*Work instructions*: Repeat only what runs from the line with "68-72 Chevrolet Bel" through the last line of the data below, both included, keeping every word as it is and leaving out the pictures.

*Collected data*:
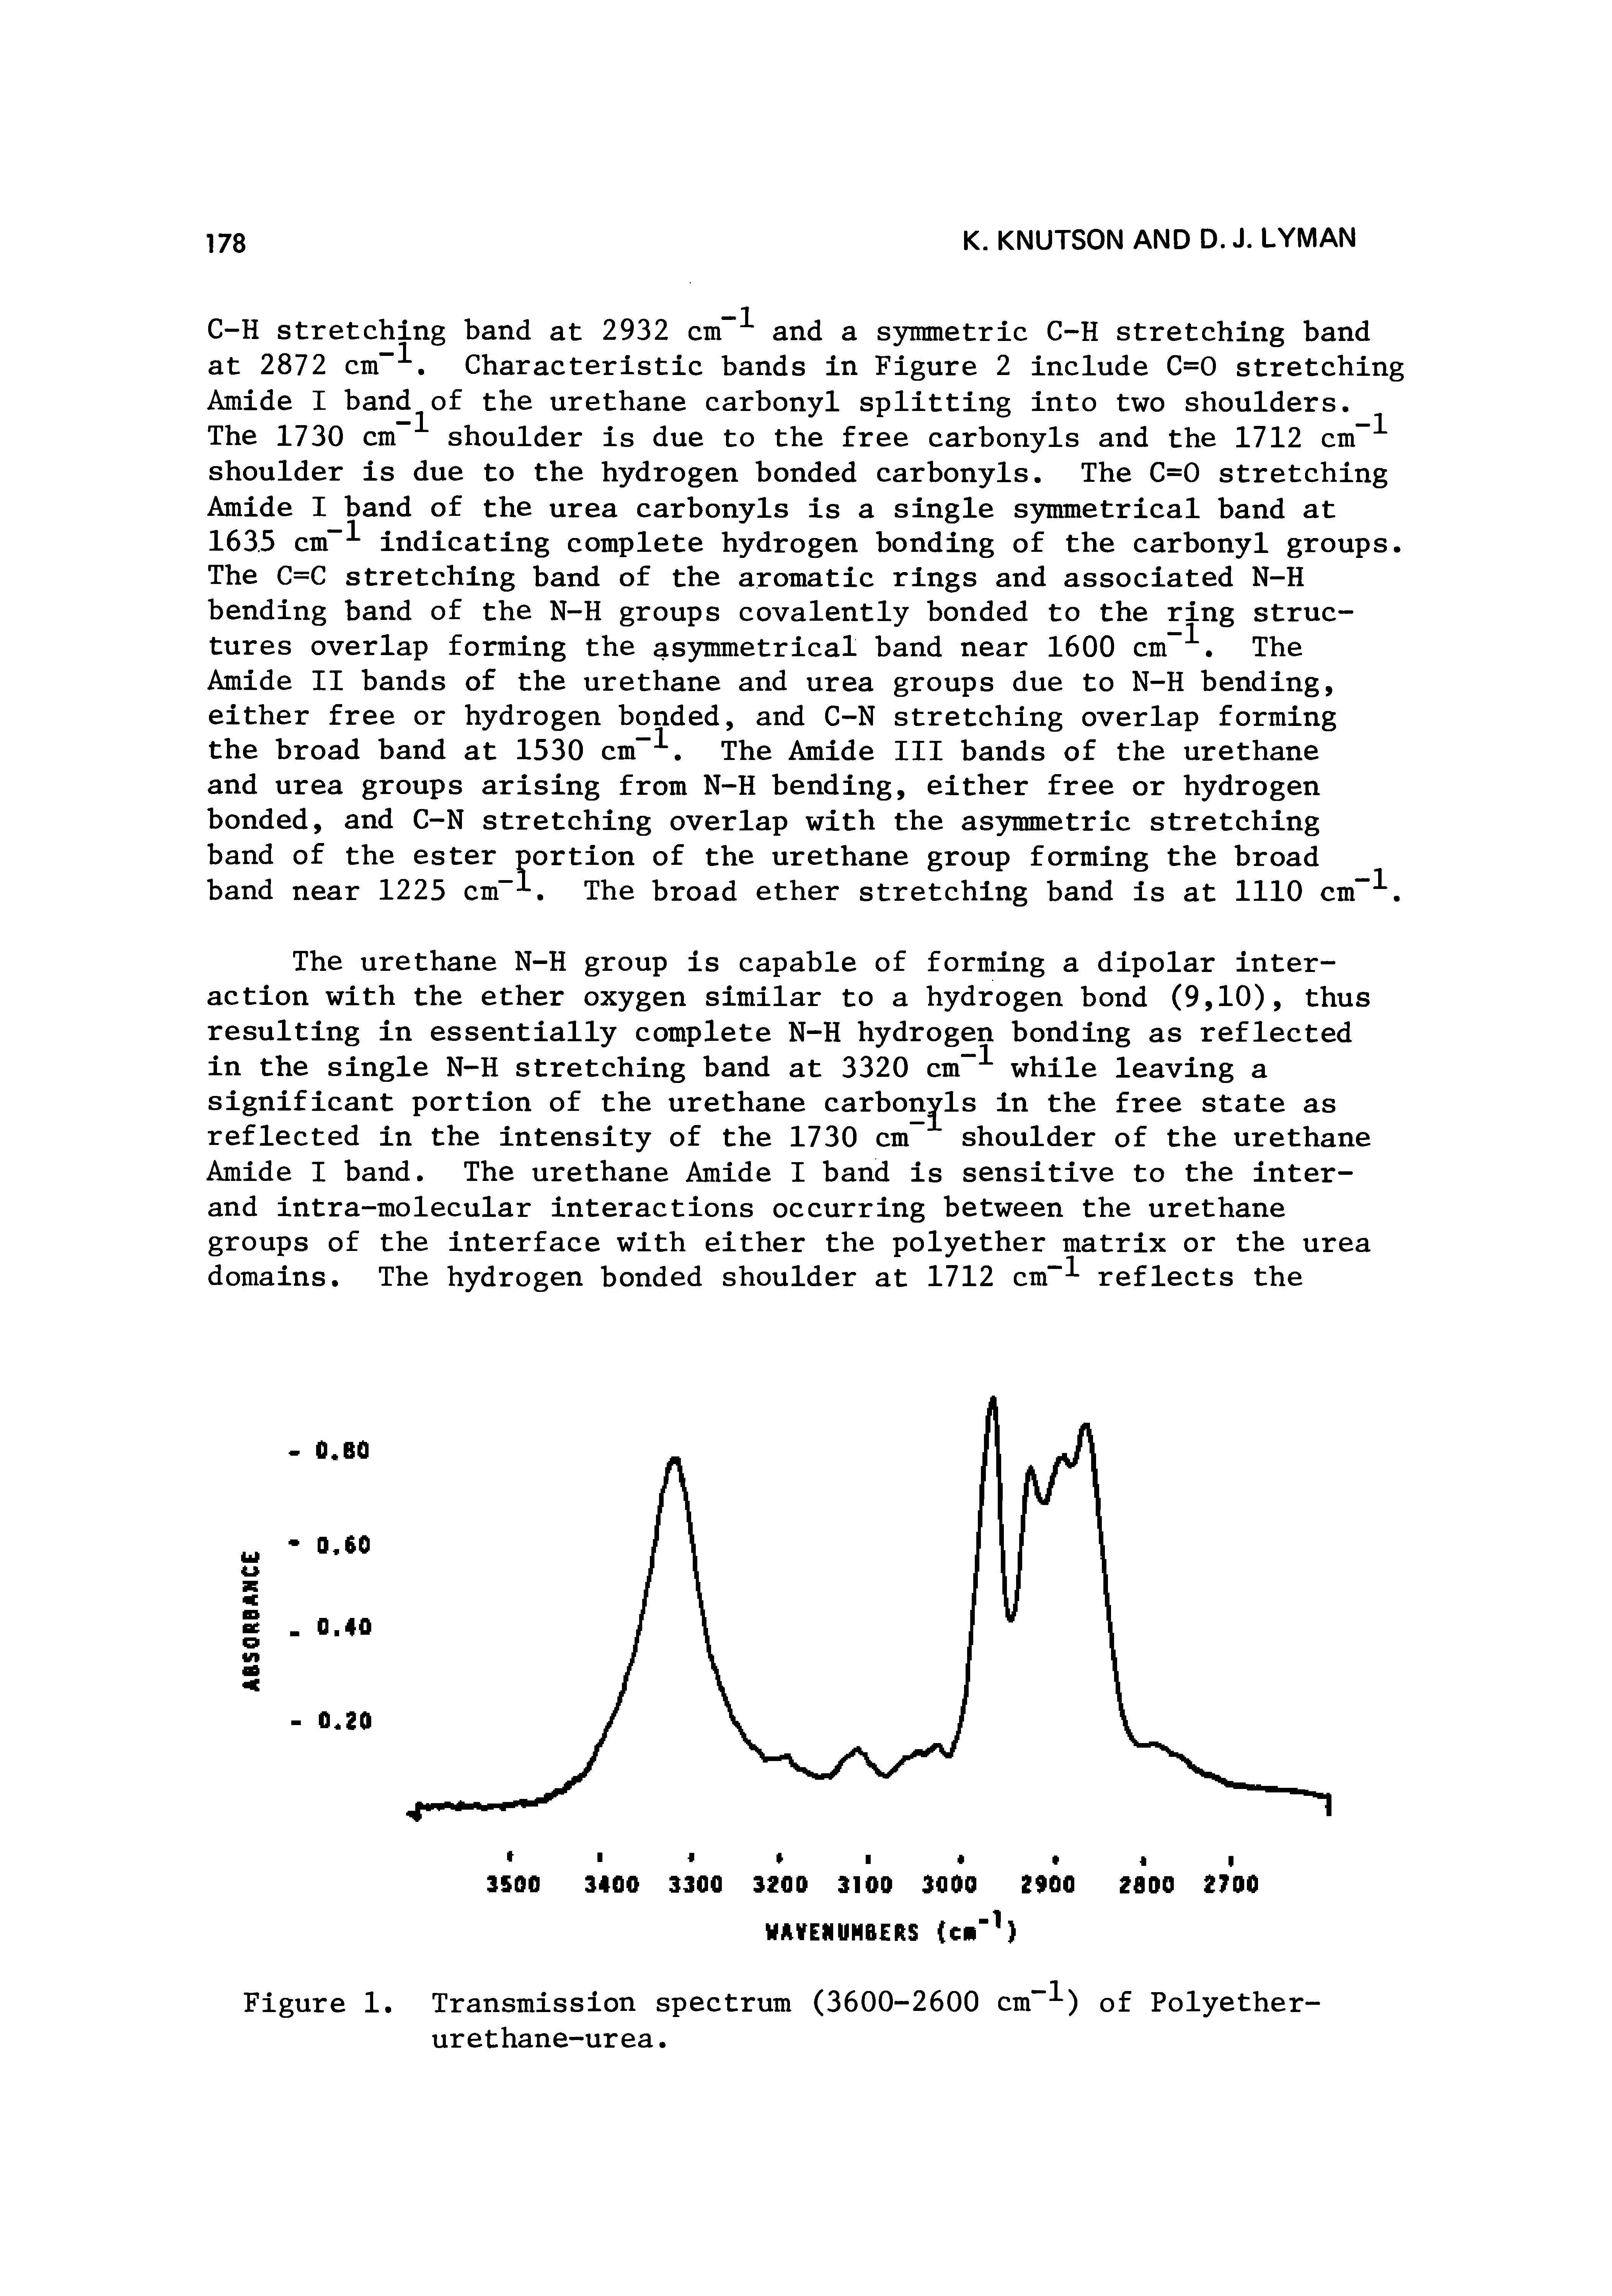 Figure 1. Transmission spectrum (3600-2600 cm" ) of Polyether-urethane-urea.
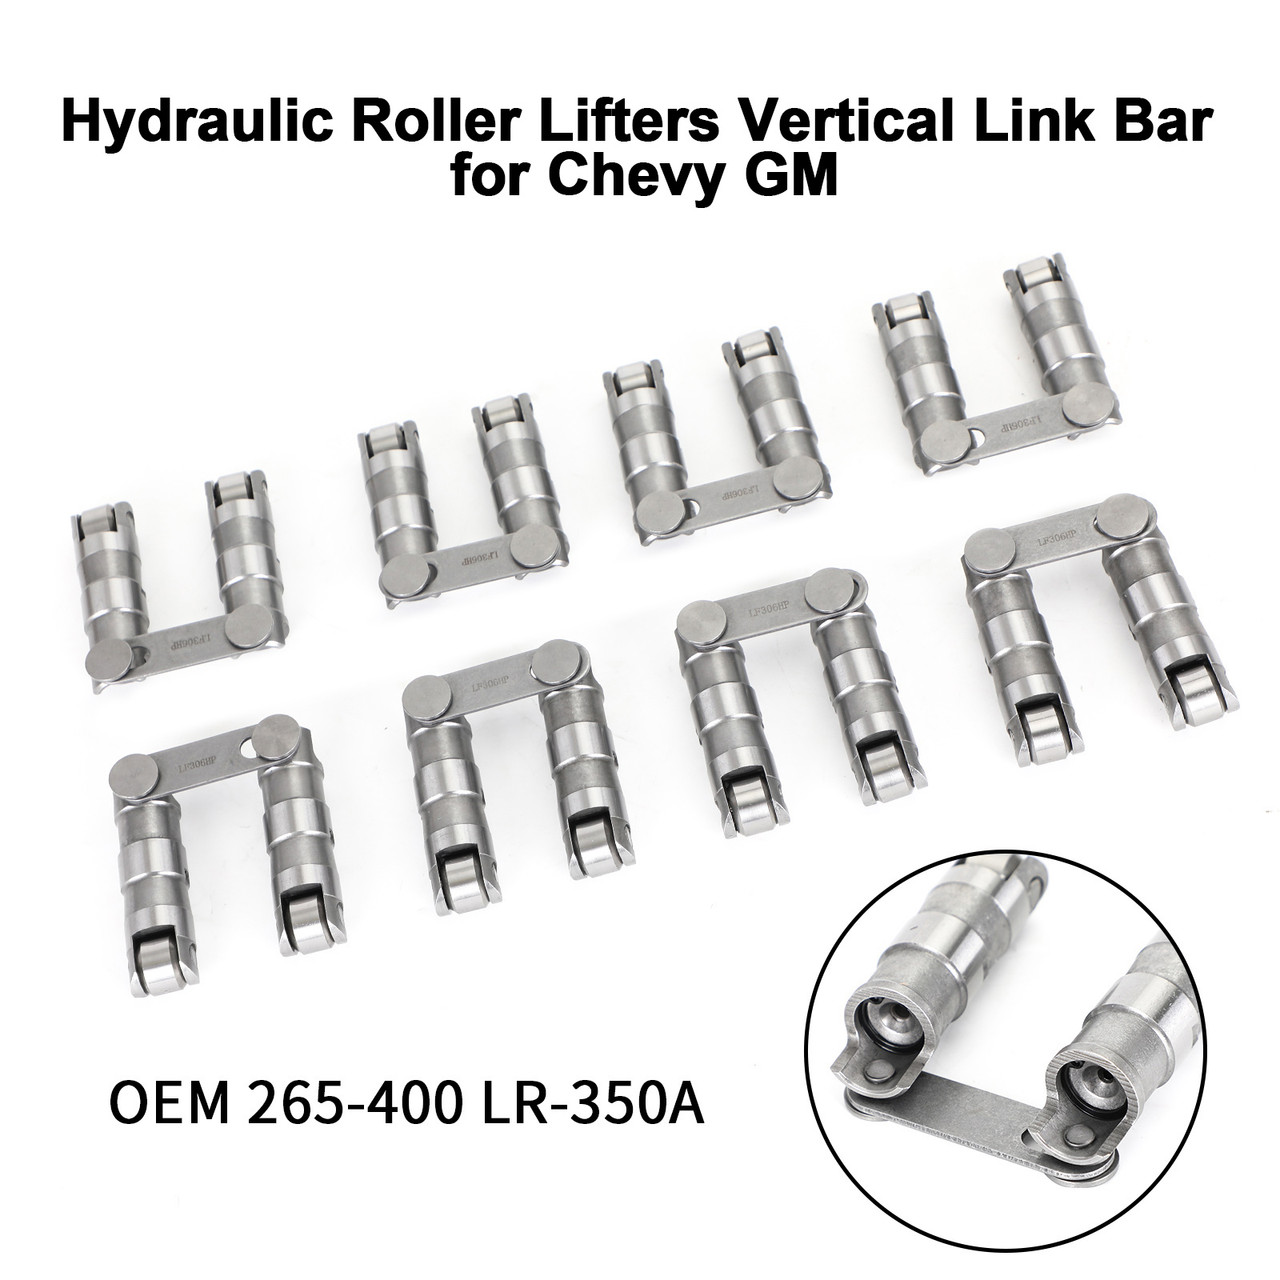 68-72 Chevrolet Bel Air Biscayne Brookwood Hydraulic Roller Lifters Vertical Link Bar LR-350A 265-400
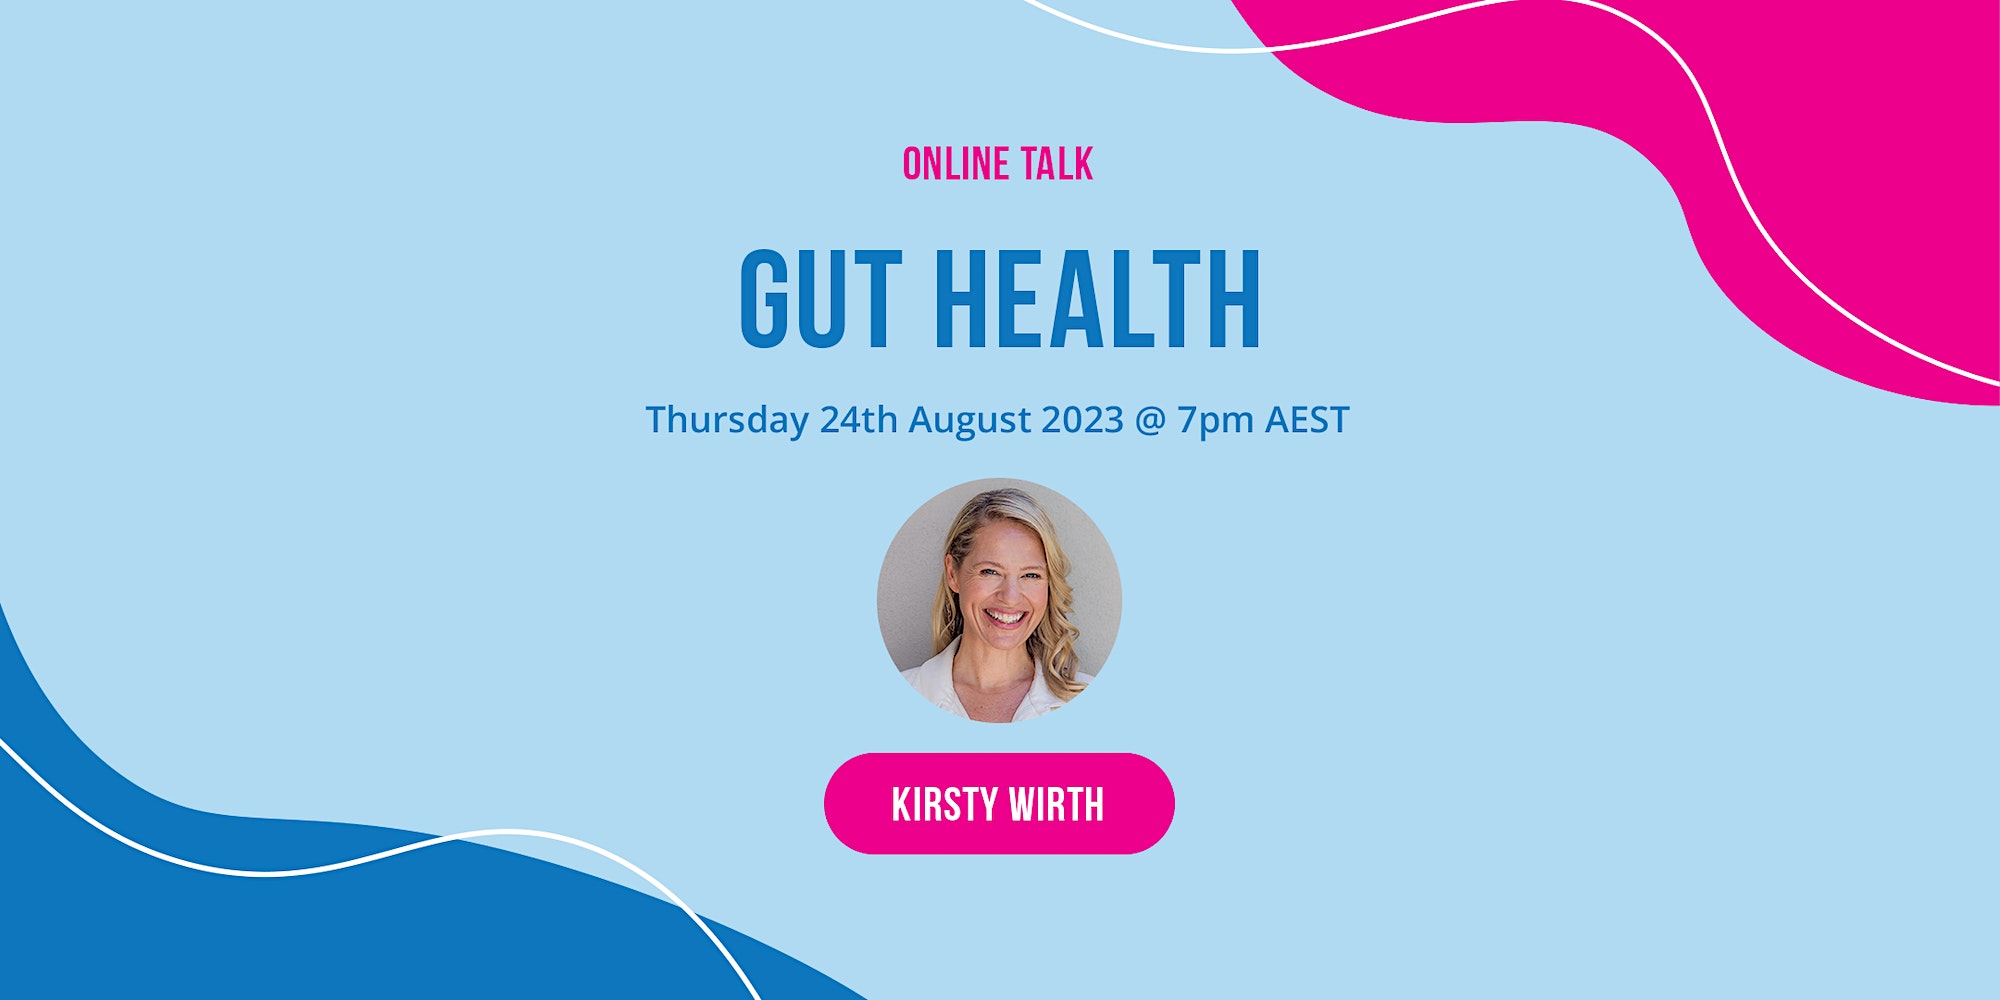 Online Talk Gut Health August 24, 2023 Thursday 7PM AEST

*Answer*:
 68-72 Chevrolet Bel Air Biscayne Brookwood Hydraulic Roller Lifters Vertical Link Bar LR-350A 265-400
 Online Talk Gut Health August 24, 2023 Thursday 7PM AEST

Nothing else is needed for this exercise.